Un dossier sur l’autorité en cette période singulière où les professionnels de l’éducation se débattent pour maintenir l’enseignement, les liens avec les élèves et entretenir leurs acquis et leur motivation à apprendre pourrait paraître hors propos. « Pourrait » car la question de l’autorité dans ce cadre généralisé d’enseignement à distance, où la non-présence physique de l’enseignant engendre de multiples risques (incompréhension, désorganisation, démotivation, décrochage…) et où, de plus, la pression par la notation a disparu, se pose avec encore plus d’acuité ! Qu’est-ce qui, dans cette situation, peut faire suffisamment autorité pour que l’élève accepte, même à distance, de répondre aux demandes de l’enseignant ? Plus largement, qu’est-ce qui fait que les élèves, les enfants et les adolescents acceptent – ou pas – au XXIe siècle de se soumettre aux injonctions de l’enseignant ? Qu’est-ce qui donne de l’autorité à ce professionnel de l’éducation ? Sa fonction, son charisme, un don de la nature ? Soyons sérieux !

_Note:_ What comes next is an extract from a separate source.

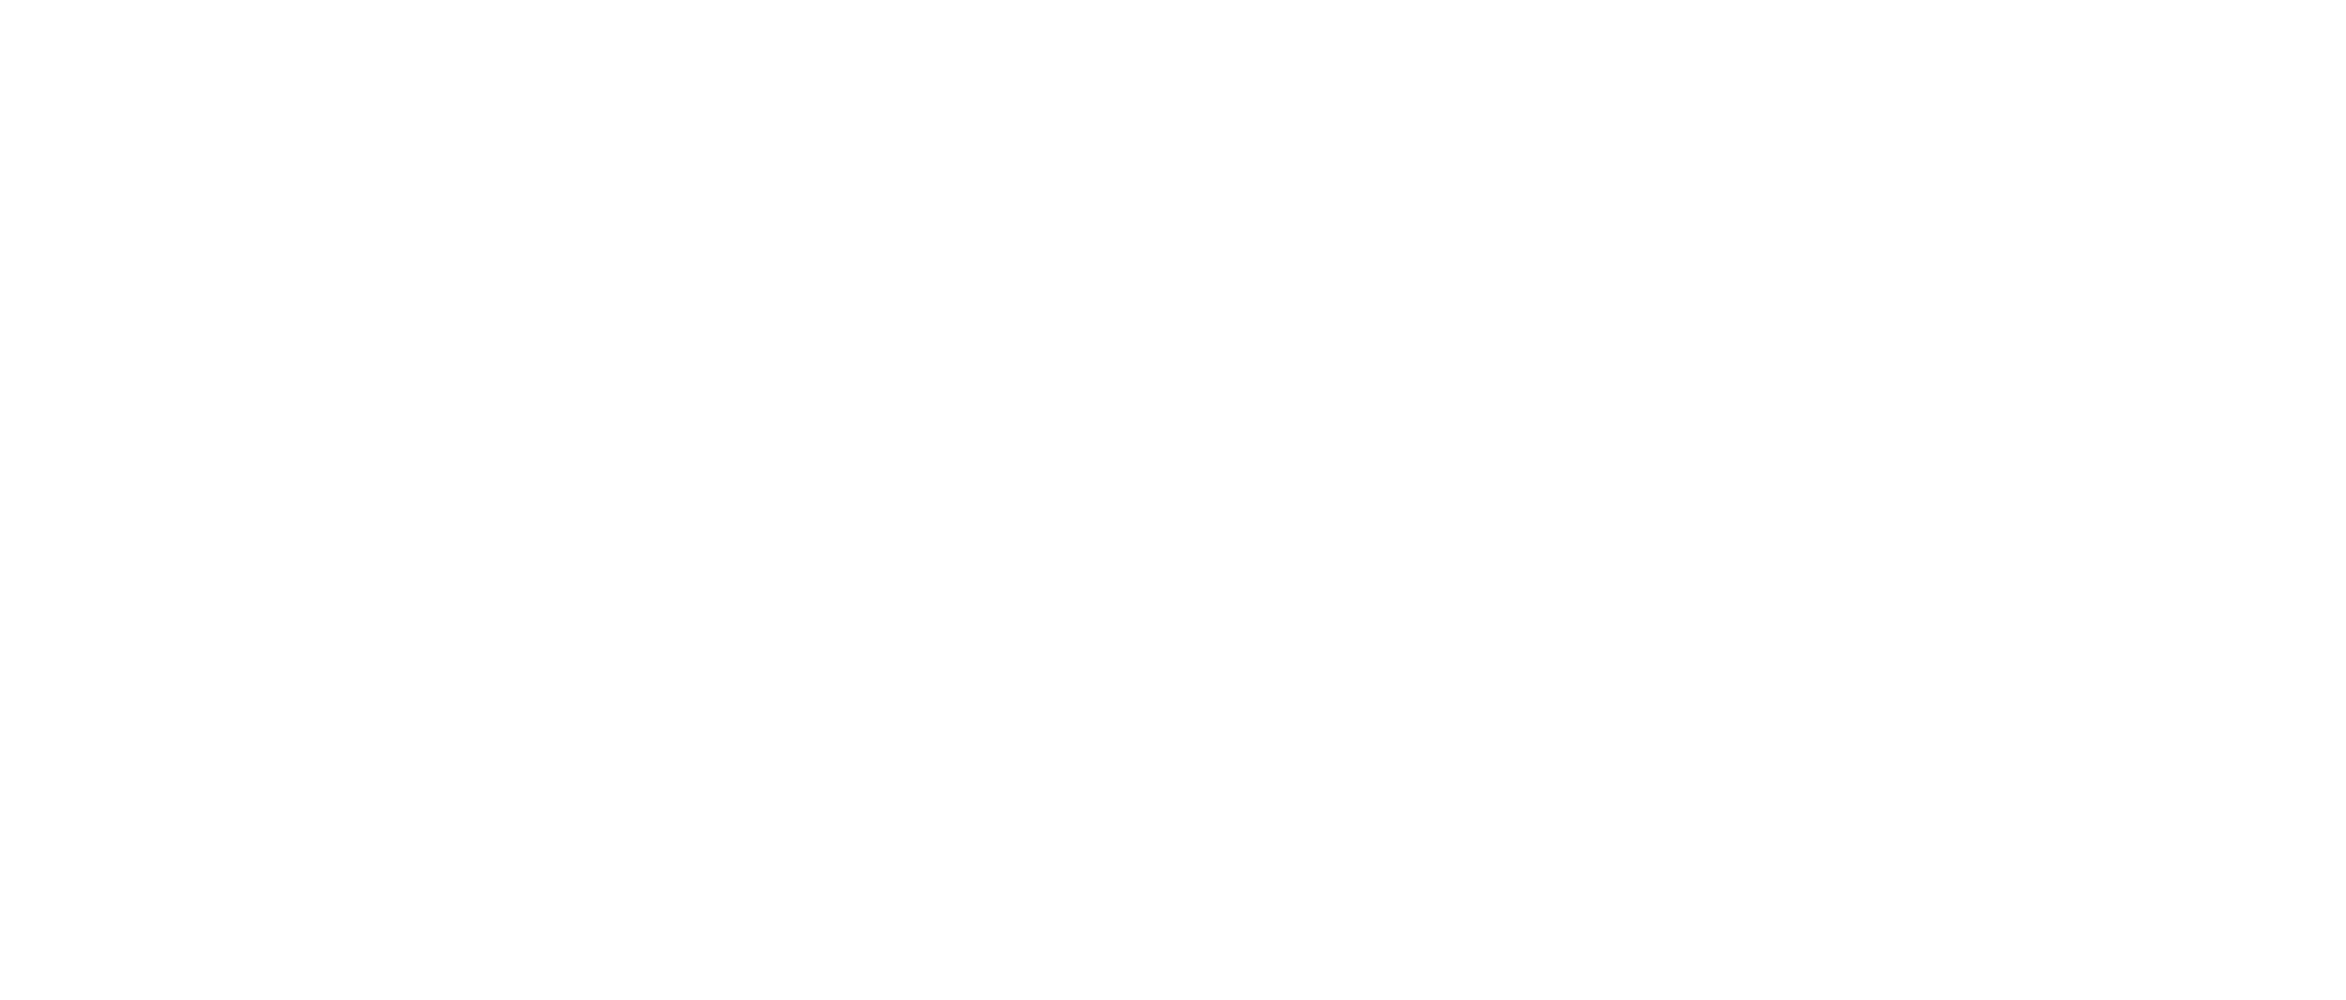 Real Outdoor Food shop logo

Une fois balayé le mythe de l’autorité naturelle, clarifiée la confusion autorité-autoritarisme et définie l’autorité adéquate à la sphère scolaire, ce dossier propose de mettre en exergue les fondements et les fondations d’une autorité qui « autorise » et rend l’élève « auteur de » (conformément à l’étymologie : auctoritatem, de auctor).
Analyses d’enseignants-chercheurs et de pédagogues, regards de praticiens sur leurs démarches, gestes professionnels, outils pédagogiques, basés sur leur expérience professionnelle, montrent que :
l’autorité éducative se construit, est toujours liée à un contexte et à une situation et dépend d’une multitude de facteurs interdépendants dont le degré de confiance des élèves envers l’enseignant, ce degré étant lui-même lié à la confiance de l’enseignant en la capacité de ses élèves à apprendre, devenir autonome, assumer des responsabilités…
les pédagogies coopératives, grâce aux « activités, médiations et institutions organisées en système »(1) qu’elles mettent en œuvre et parce qu’elles « offrent aux jeunes des formes d’engagement qui leur permettent d’adhérer sans s’aliéner »(2), ancrent l’autorité éducative.
Ainsi, confirme le chercheur Bruno Robbes, « contrairement à certaines idées reçues ou entendues, les pédagogies coopératives ont une voie singulière et pertinente à faire entendre lorsqu’on parle d’exercice d’une autorité éducative ». Des preuves dans ce dossier !

Marie-France Rachédi

1. Voir l’étude de Bruno Robbes pages 14-15.
2. Voir l’analyse de Philippe Meirieu pages 18-19.